Inside Black Crows' line the routing is clean. The 104 mm Navis Freebird is the brand's own touring-descent spearhead, built for a broader spread of touring days; choose the Draco over it when descents dominate. The Nocta (122 mm) floats far better but is not a touring ski, and the Anima (115 mm) is the lift-served alternative when weight stops mattering. Cross-brand, one independent review slots the Draco against descent-oriented touring rivals like the 4FRNT Hoji. Note that 26/27 is a graphics-only carryover of the 25/26 ski - identical sizes, dimensions, radii and price - and the review consensus, earned on earlier builds, carries that generation caveat.
The Draco Freebird comes in 175.2, 181.5 and 189.2 cm; the waist is 110 mm in the two shorter lengths and 112 mm in the 189.2, which also carries the longer 23 m radius and the heaviest build. It retails at $1,199, sold flat: budget for a pin or hybrid touring binding - never a telemark binding, per Black Crows - plus mounting, and pre-cut skins are available in matching lengths.
Bindings we'd pair with it
Mount point: Sold flat - recommended mount point -5 cm from center; set at fitting. Our pick: Chosen at fitting - we match a pin or hybrid touring binding to how and where you ski.
- Tech/pin touring bindingChosen at fitting
We match a model to your boots and mount it in the shop.
- Hybrid touring bindingChosen at fitting
Whether a pin or a hybrid model suits you depends on your boots and your use - we walk through it at fitting.
Black Crows' official instruction: do not mount this ski with telemark bindings. We fit and mount the binding to your boots and your use in the shop, and can pair pre-cut Pilus Draco Freebird skins at the same time.
Common Questions
- Can you mount telemark bindings on the Black Crows Draco Freebird?
- No. Black Crows' official instruction is do not mount this ski with telemark bindings. Use a pin or hybrid touring binding, fitted and mounted by a technician.
- What is the difference between the Draco Freebird and the Navis Freebird?
- Width and intent. The Navis Freebird runs a 104 mm waist and covers a broader range of touring days; the Draco (110-112 mm) is wider, twin-tipped and looser, built for descent-heavy days. Regular tourers are usually better matched by the Navis.
- Is the Draco Freebird good in deep powder?

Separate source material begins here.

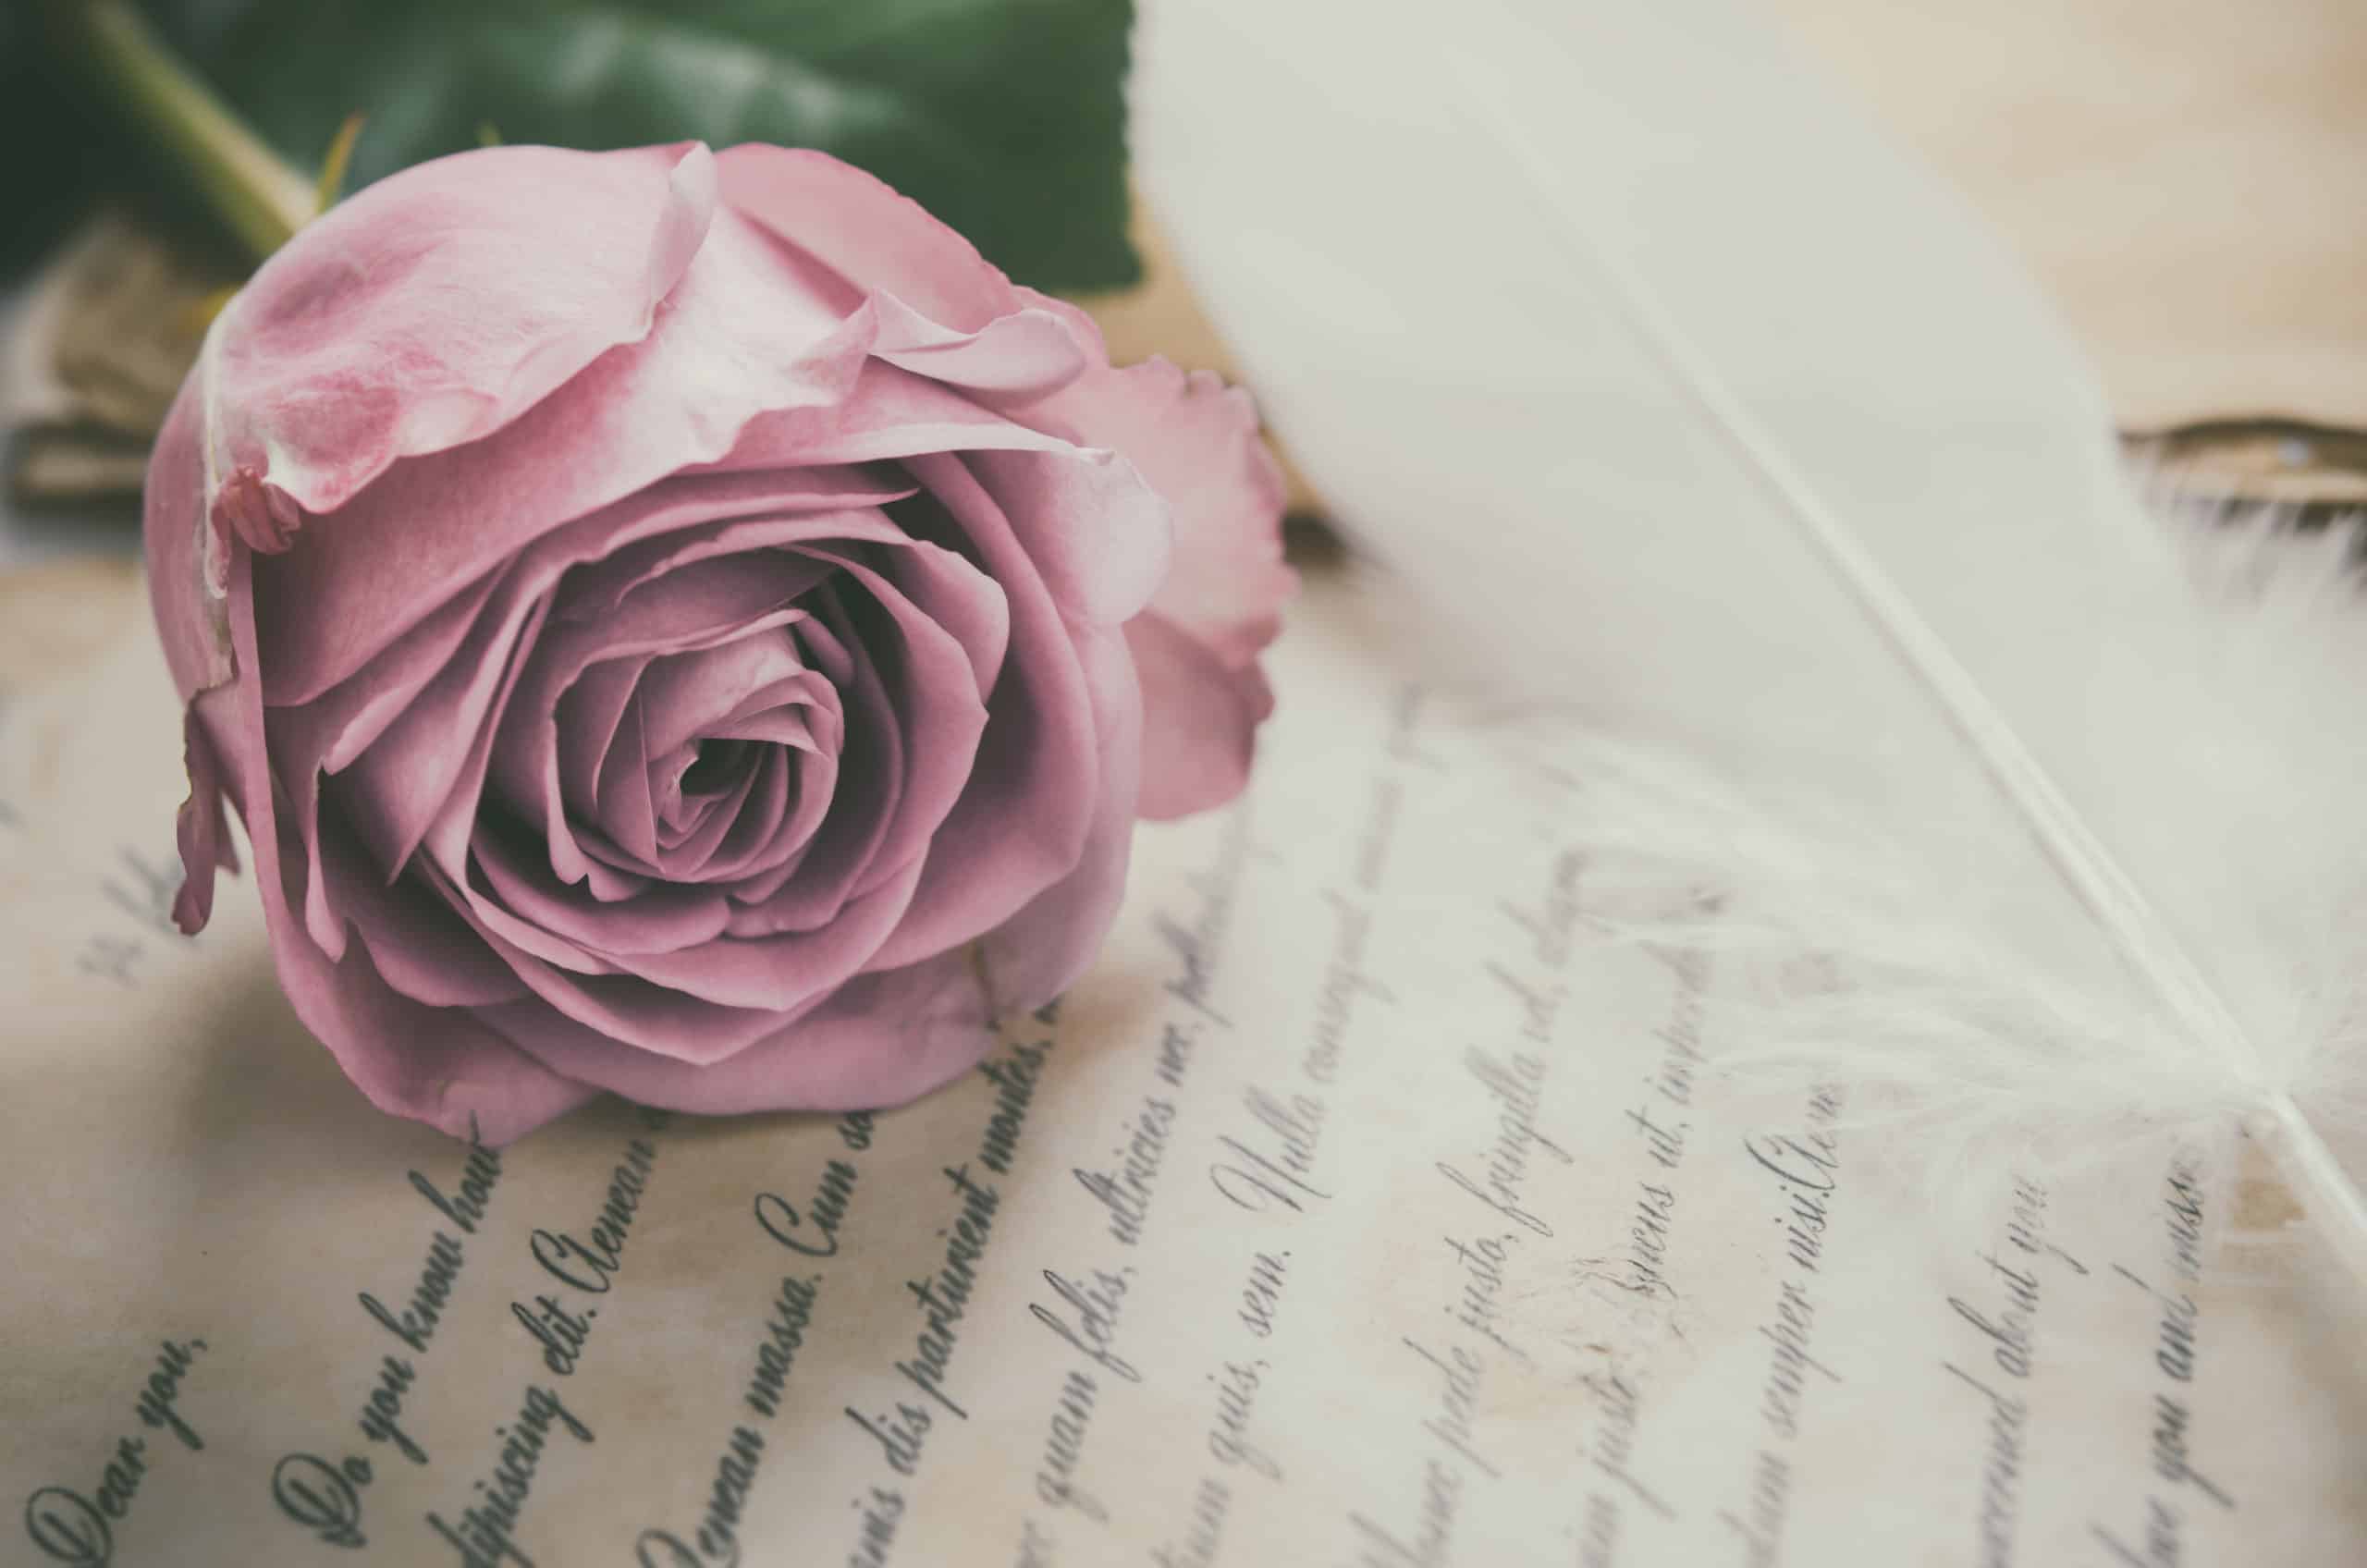 Pink rose on top of vintage love verses.

- It is capable, not maximal. Independent tests put its float at average for a 110-112 mm ski - moderate rocker and a firm flex favor drive over surf. For float-first days, Black Crows' Nocta (122 mm) is the deeper-snow shape, though it is not a touring ski.
- What lengths does the Draco Freebird come in, and how do they differ?
- Three lengths: 175.2, 181.5 and 189.2 cm. The two shorter run a 110 mm waist and 21 m radius at 1,700 and 1,800 g per ski; the 189.2 steps to 112 mm, a 23 m radius and 1,925 g. Bring your boots and tell us how you tour - we will size it with you.
- Are there pre-cut skins for the Draco Freebird?
- Yes - Black Crows makes dedicated pre-cut Pilus Draco Freebird skins in all three lengths. We can pair them with the ski when we set up your binding.